An overview of the

DataX is a widely used offline data synchronization tool/platform within Alibaba Group. Implement efficient data synchronization among heterogeneous data sources including MySQL, Oracle, SqlServer, Postgre, HDFS, Hive, ADS, HBase, TableStore(OTS), MaxCompute(ODPS), AND DRDS.

As a data synchronization framework, DataX abstracts the synchronization of different data sources into Reader plug-in that reads data from the source data source and Writer plug-in that writes data to the target.
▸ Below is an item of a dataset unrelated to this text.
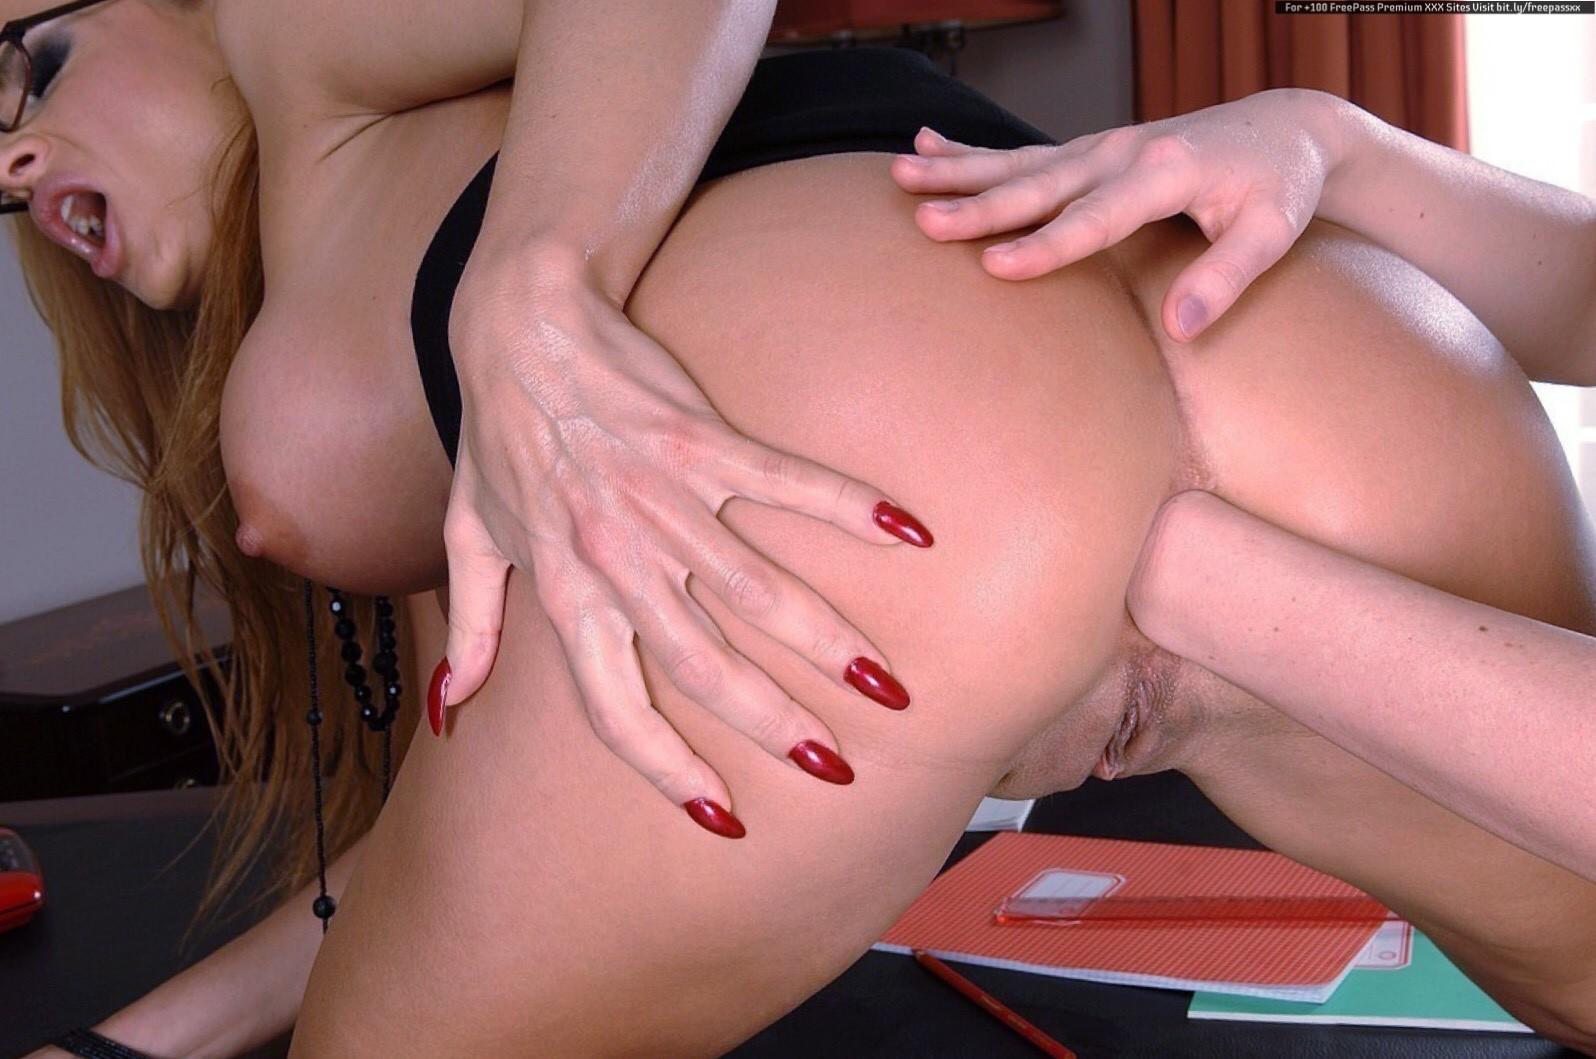 Смотреть порно онлайн глубокий фистинг, Порно фистинг онлайн бесплатно. Анальный 12 фотография

Theoretically, DataX framework can support data synchronization of any data source type. At the same time, the DataX plug-in system serves as a set of ecosystem. Every time a new data source is connected, the newly added data source can realize the interconnection with the existing data source.

Offline data synchronization will be used in big data analysis, data backup, data synchronization and other application scenarios, so this article especially introduces the ali open source this artifact: DataX!

The preparatory work

  1. Environment: One Linux server installed with JDK8, Maven, and Python 2.6+.

  2. Download the source: https://github.com/alibaba/DataX.git

  3. MVN -u clean package assembly: assembly-dmaven.test.skip =true MVN -u clean package assembly: assembly-dmaven.test.skip =true

If the following information is displayed, the compilation is successful (the compilation time is a little longer, because DataX supports many data sources and corresponding dependency packages, so the compilation time may be about 20 minutes, depending on the download speed and machine performance) :

Common mistakes:

  • In step 3, you might get an error that could not compile TableStore-StreamClient, Please go to https://mvnrepository.com/artifact/com.aliyun.openservices/tablestore-streamclient/1.0.0 to download the appropriate package and into the maven corresponding path;

Tool use

After the DataX is successfully compiled, an executable file will be generated in the CD target/ DataX/DataX/directory, and we can use DataX to synchronize offline data in various formats. https://github.com/alibaba/DataX/blob/master/userGuid.md), which is as follows:

Is not in the form of data format you can write a custom plug-in, specific code can refer to: https://github.com/alibaba/DataX/blob/master/dataxPluginDev.md

For example, we implement the simplest task of exporting JSON formatted data to the console:

  1. Switch directory: CD target/datax/datax/bin, such as in our 192.168.1.63 server, switch to the directory: / home/data transfer/datax/target/datax/datax/bin

  2. Python datax.py -r streamreader -w streamwriter

  3. Write the stream2stream.json configuration file as follows:

 1{ 2  "job": {3"content": [4 {5"reader": {6"name": "streamreader"7,"parameter": {8"sliceRecordCount": 10, 9            "column"10: [{11"type": "long", 12"value": "10"13              },14              {15                "type": "string", 16"value": "Hello, hello, world-datax."17}18]19}20},21"writer": {22          "name": "streamwriter"23,"parameter": {24            "encoding": "UTF-8"25,"print": true26}27}28}29],30"setting": {31      "speed": {32        "channel": 533}34}35}36}Copy the code
  1. Run the script:python datax.py ./stream2stream.json, the console output after execution:

Python datax.py -r mysqlreader -w mysqlwriter

For more writers, see the Writer folder in the plugins directory. (Writers are officially included by default and can be customized and extensible) :



More readers can be found in the plugins folder:




Note: If you want to use offline incremental synchronization, you can specify where filtering in the configuration file.